→ **Data section**:
Content starts
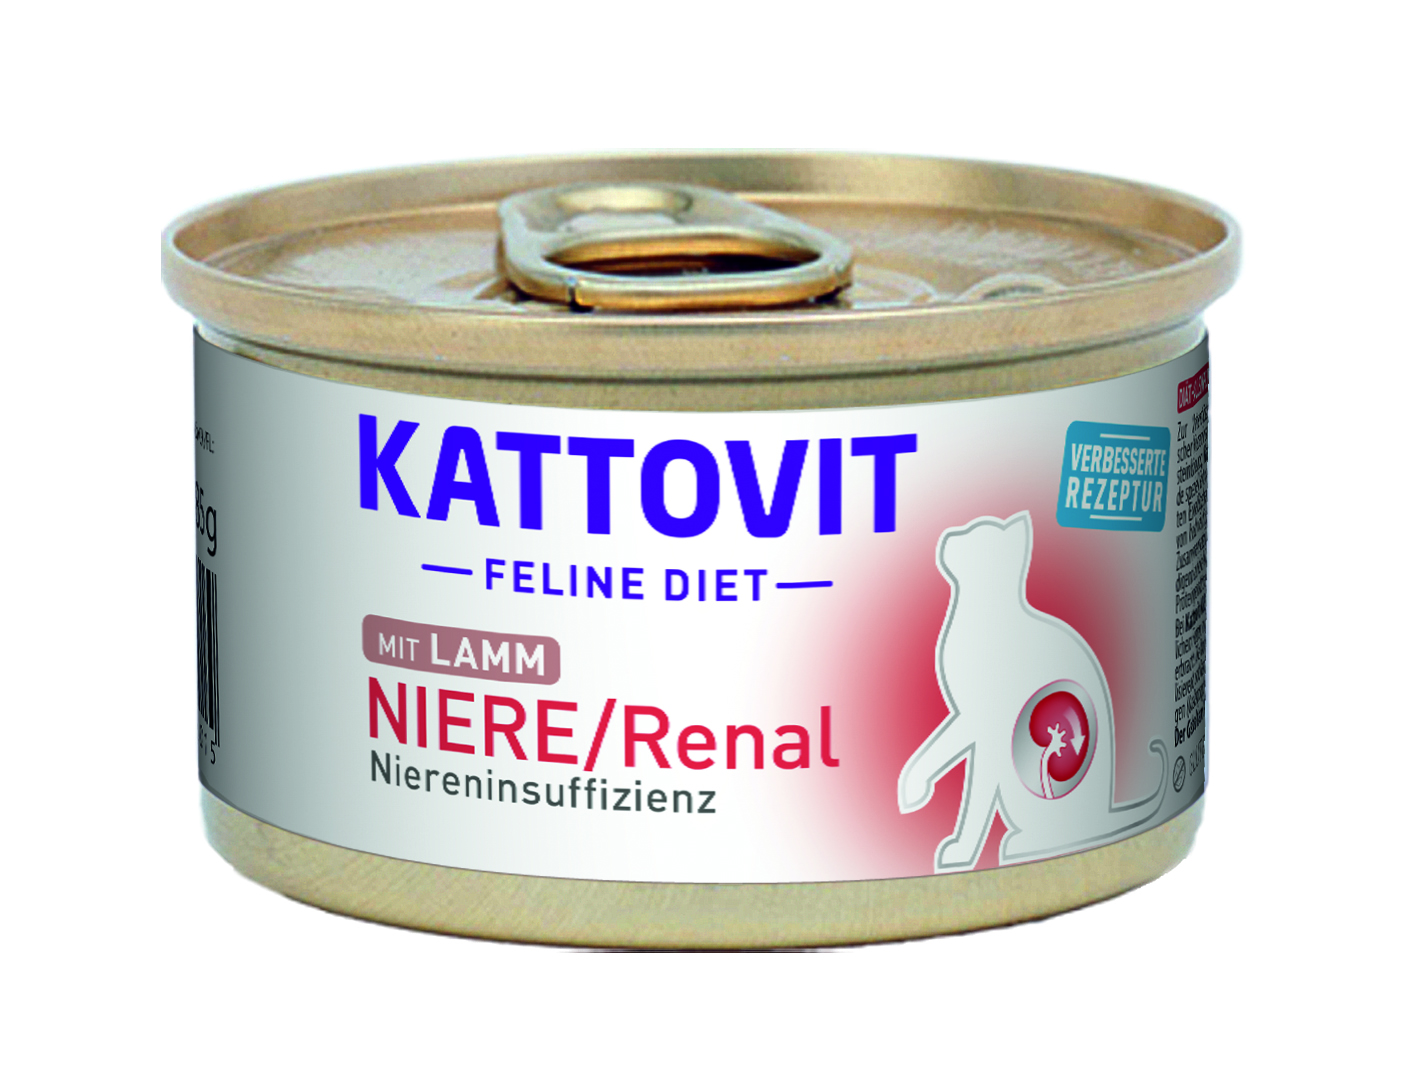 Kattovit Feline Diet Niere / Renal - bei Niereninsuffizienz. 8
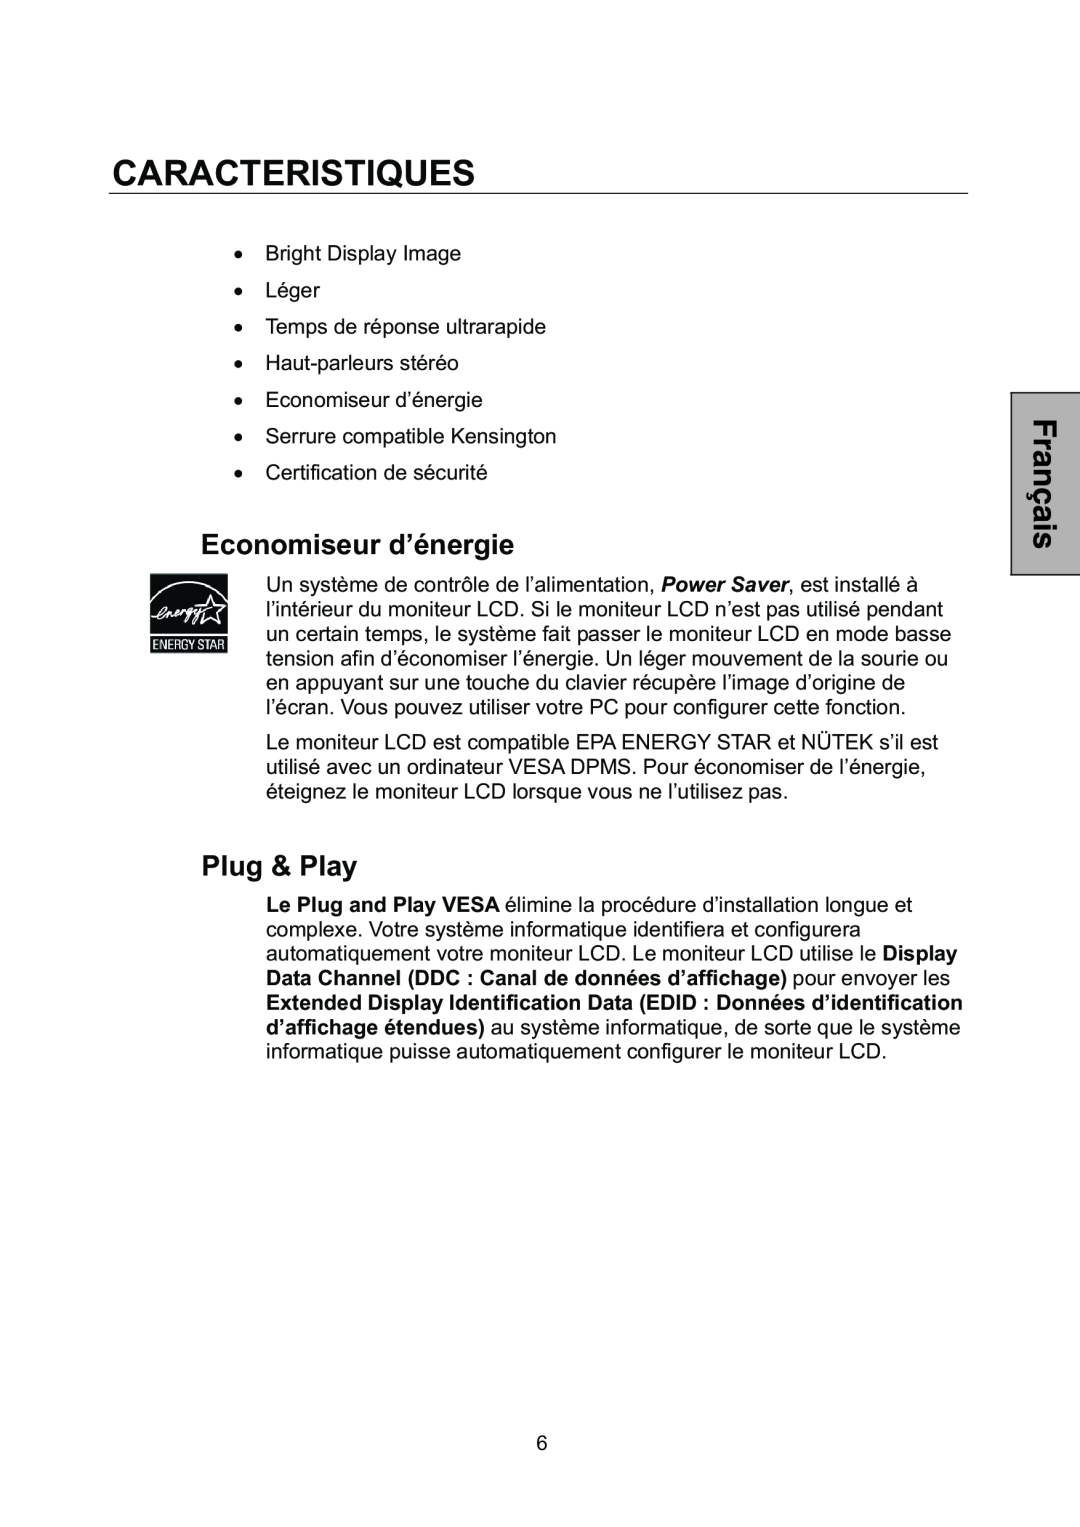 Westinghouse L1928NV manual Caracteristiques, Economiseur d’énergie, Plug & Play 
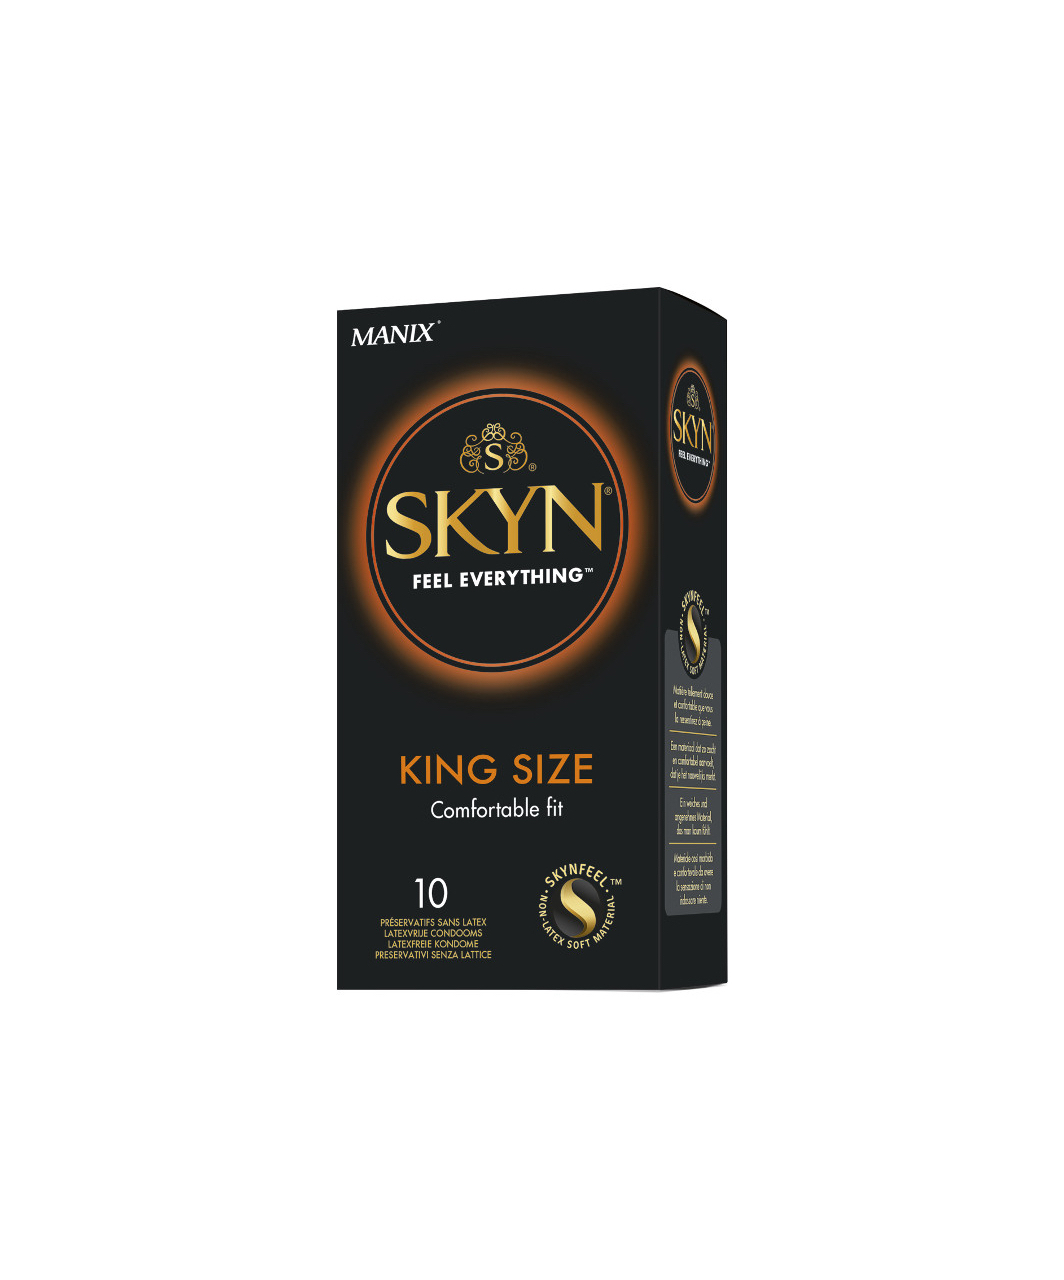 SKYN King Size kondoomid (3 / 10 tk)
Content ends
→ **Work request**:
Restating the data word for word is the task, and pictures are to be omitted.

→ **Solution for this problem**:
 Kattovit Feline Diet Niere / Renal - bei Niereninsuffizienz. 8
 Westinghouse L1928NV manual Caracteristiques, Economiseur d’énergie, Plug & Play 
 SKYN King Size kondoomid (3 / 10 tk)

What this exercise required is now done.